Tonalités Chinoises

Le voyage est une rencontre avec un pays et les gens qui l'habitent. Parfois la magie reste inopérante, le regard est aveugle, rien ne résonne ou si peu... D'autres fois le miracle opère, le regard s'élargit et le pays entre en vous comme une marée, une odeur, un chant.
Le voyage est affaire de sens: voir, goûter, toucher... La parole se réinvente -surtout si elle est bridée par une langue inconnue et la nécessité de se faire comprendre- à renfort de gestes et de sourires...
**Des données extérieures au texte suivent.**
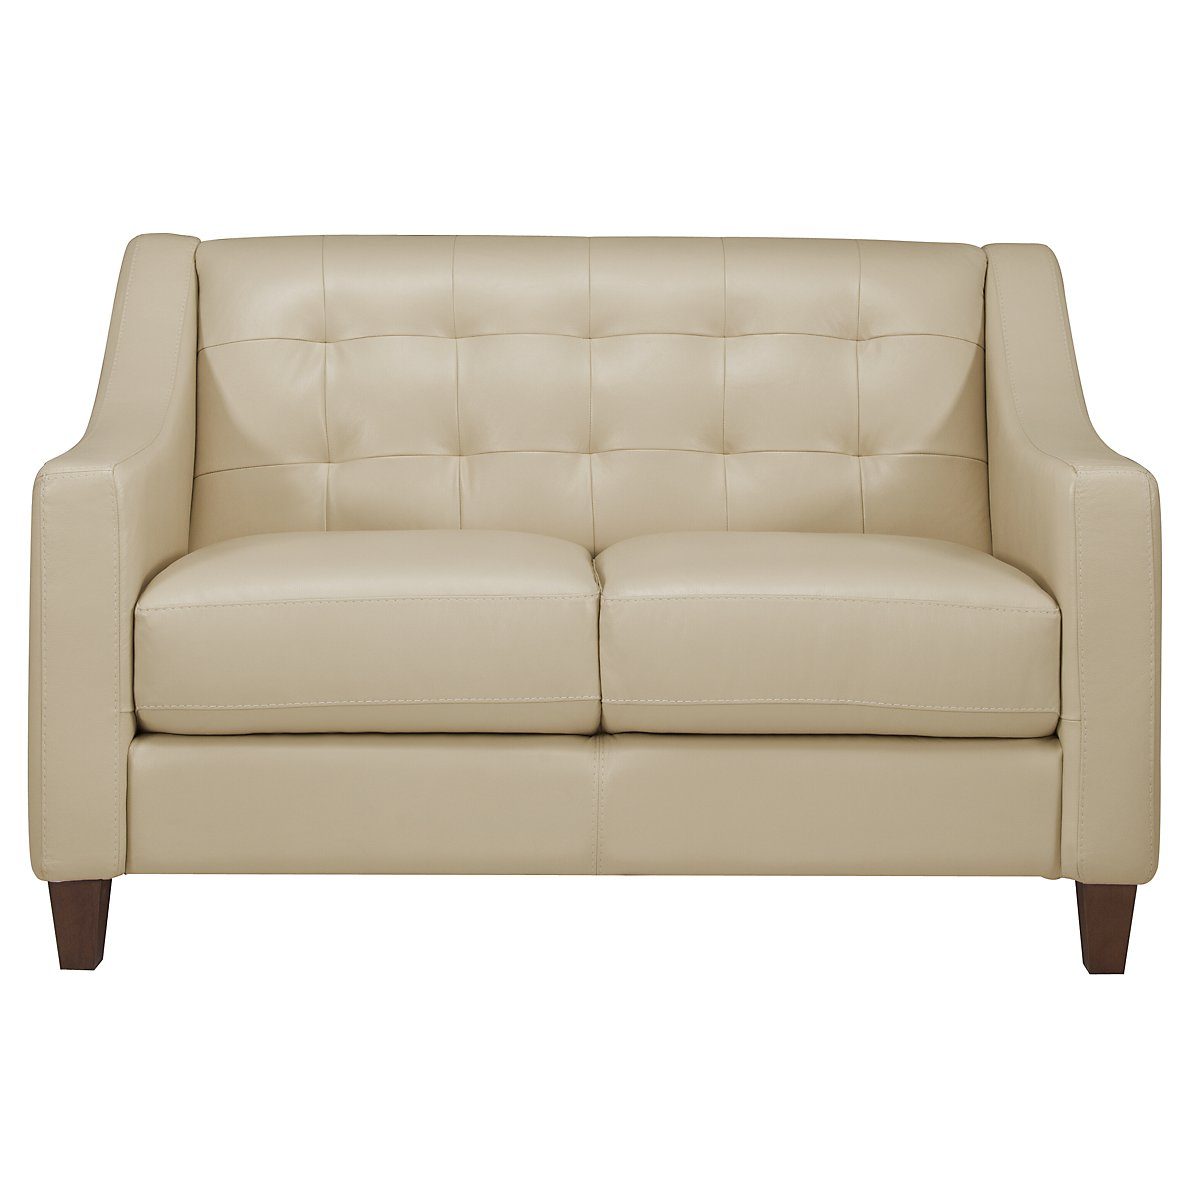 City Furniture Elise Sofa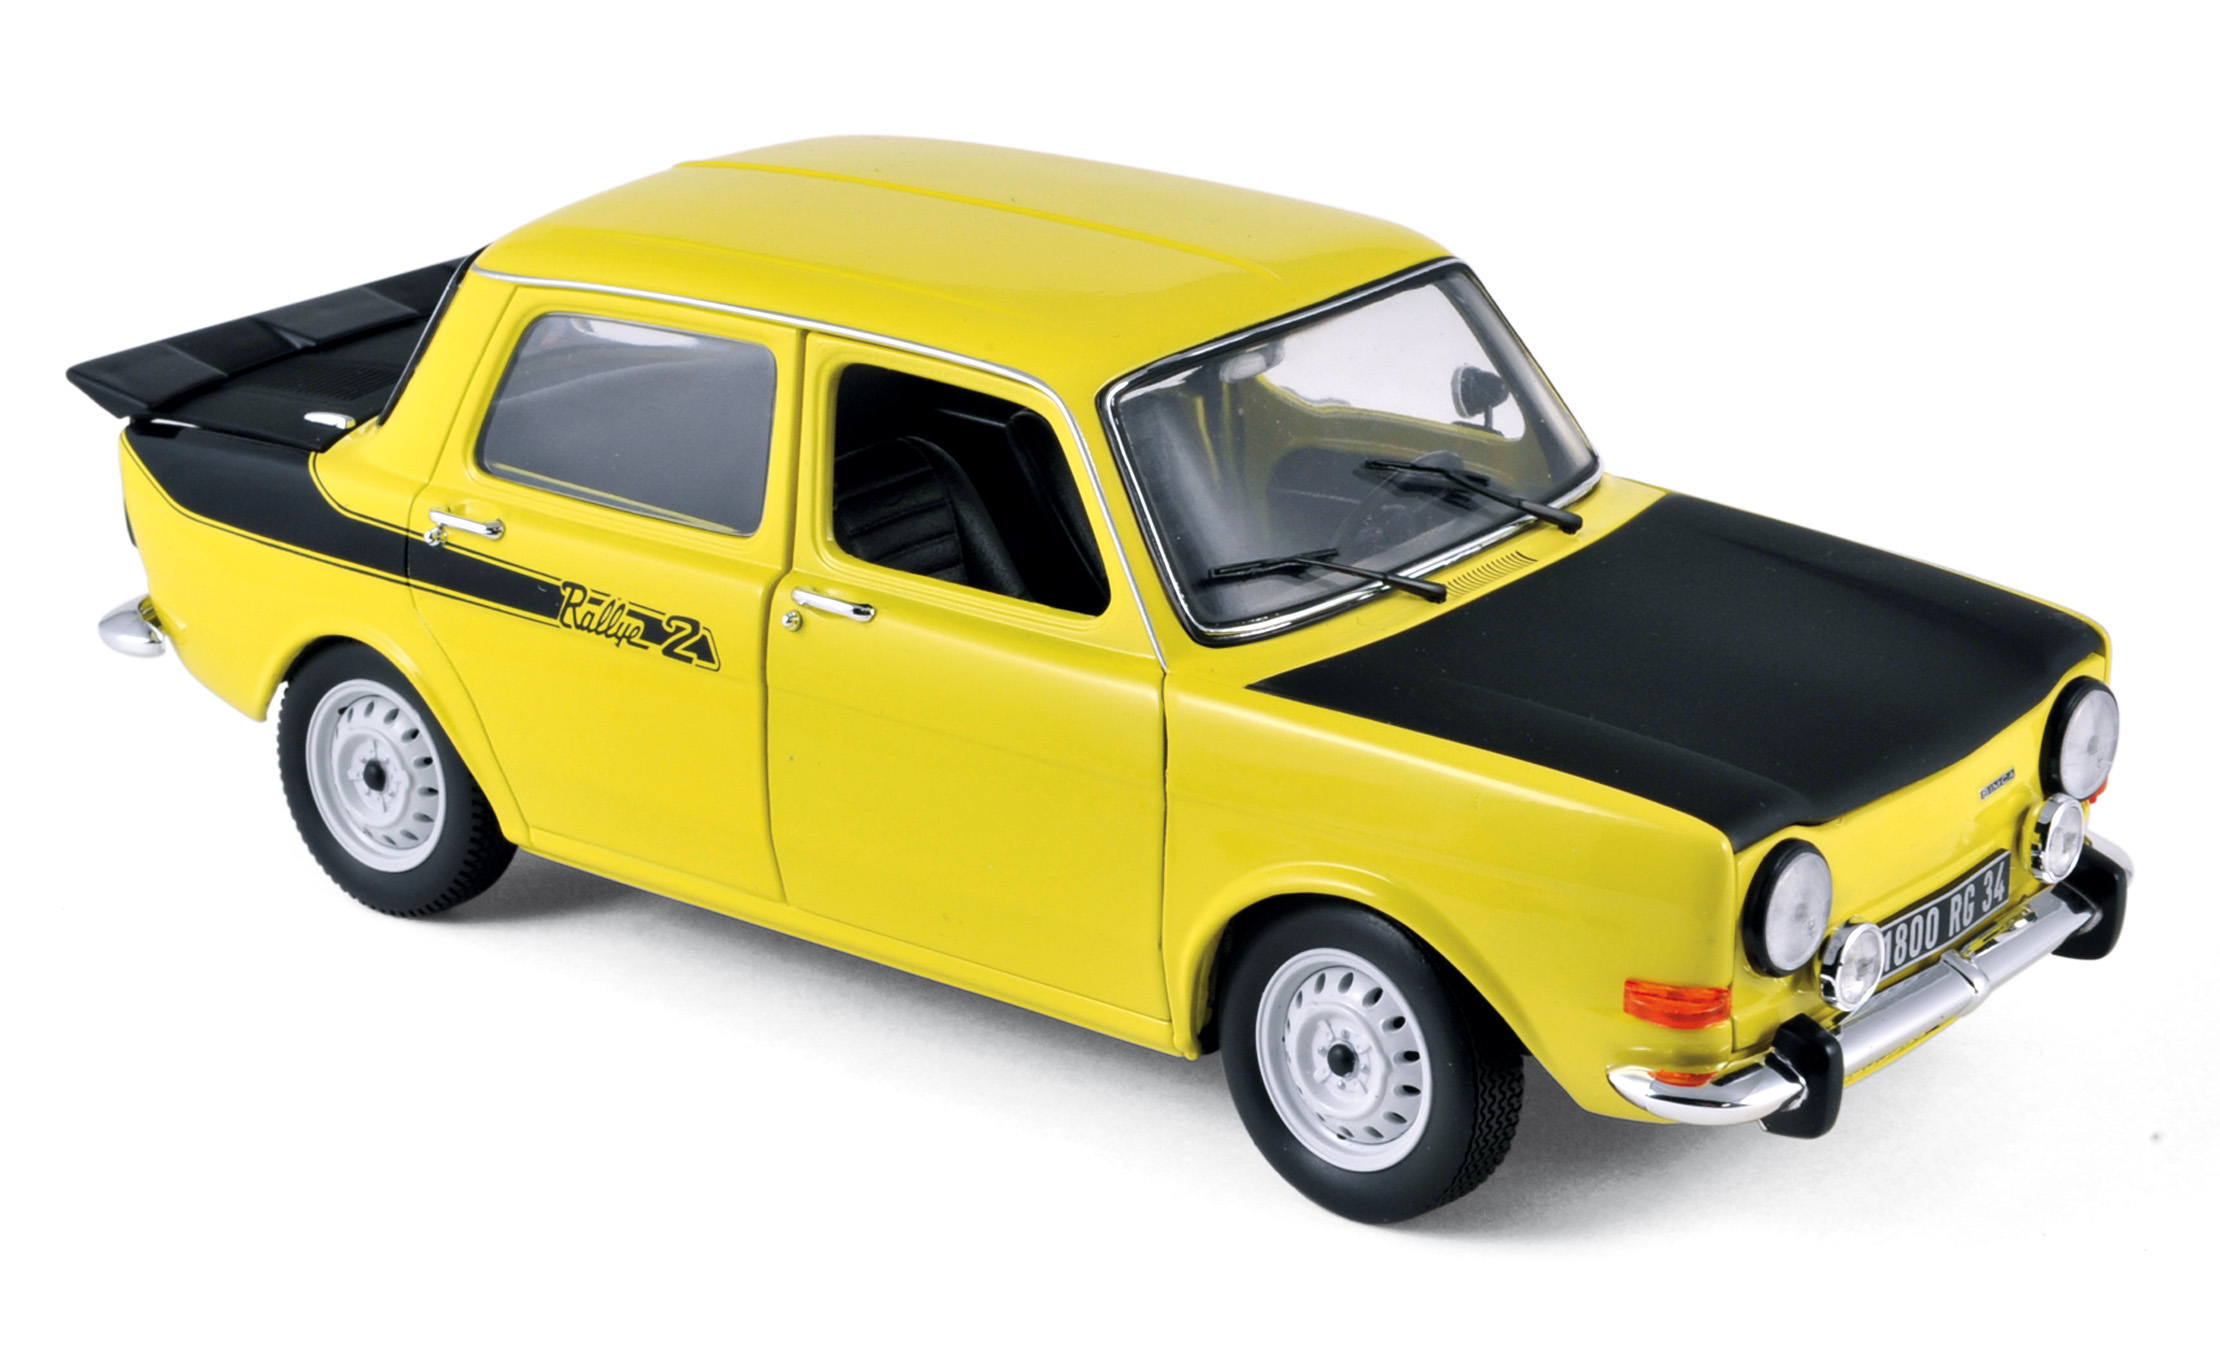 modellauto simca 1000 rallye 2 gelb 1976 norev 1 18 bei. Black Bedroom Furniture Sets. Home Design Ideas

En Chine je respire des parfums et mon nez devient une grotte de souvenirs. J'écoute des gens qui chantent une langue « étrange » et, faute de mots, j'apprends à entendre autrement. Tout se loge dans l'attention portée, le détail qui révèle une histoire, une atmosphère qui vous souffle des évidences: ici, il y a un goût de la vie, des petites choses, des plaisirs tout simples que je redécouvre. Il y a une forme de liberté aussi, la plus prosaïque qui soit: celle de dormir quand on a sommeil, n'importe où, dans la casemate de garde, devant une échoppe, sur un comptoir. Celle de soigner, de s'éventer, de se laver, de danser, de méditer, de manger dans la rue, sur un trottoir, aux yeux de tous. Liberté des corps, peut-être, liberté des appétits aussi. L'intime surgit sur la place publique, c'est normal, banal. Ni impudeur ni exhibition, plutôt une communion qui me surprend chaque jour un peu plus. Notion de groupe ? Tradition culturelle ? L’individu ne s’oppose pas à l’autre, on se côtoie, on se mélange et on s’accorde.
E-mouvoir... Le monde que je rencontre me met en mouvement, le ravissement me pousse et je marche des heures durant... Je marche en terre inconnue, fantasmée et j'égare lentement mes repères, je me déleste de toutes mes idées reçues, mes préjugés, tout ce qui pèse et entrave. Sans références, tout devient possible. Je vais les mains dans les poches... ou presque. L’appareil photo est mon sésame, il fait merveille pour prolonger mon regard. Je fais du vide, assez de place pour les rencontres, l'inconnu. Or, l'inconnu s'apprivoise, il ne se force jamais.
En Chine il y a une vitalité incroyable, mélange de densité et de mouvement, une fluidité qui me prend et m'emporte. La force de vie est palpable, elle me traverse comme une cadence intime, mes pas sur une route. Je marche depuis tant de jours! Est-ce moi? Eux?... Au gré des rencontres, cette terre m'est devenue familière.
Je suis en Chine, je la quitte demain et j'en rapporte des images, une rumeur tenace…

Un texte de Virginie Jouannet sur le voyage de Pierre-Alexandre Pheulpin, photographe.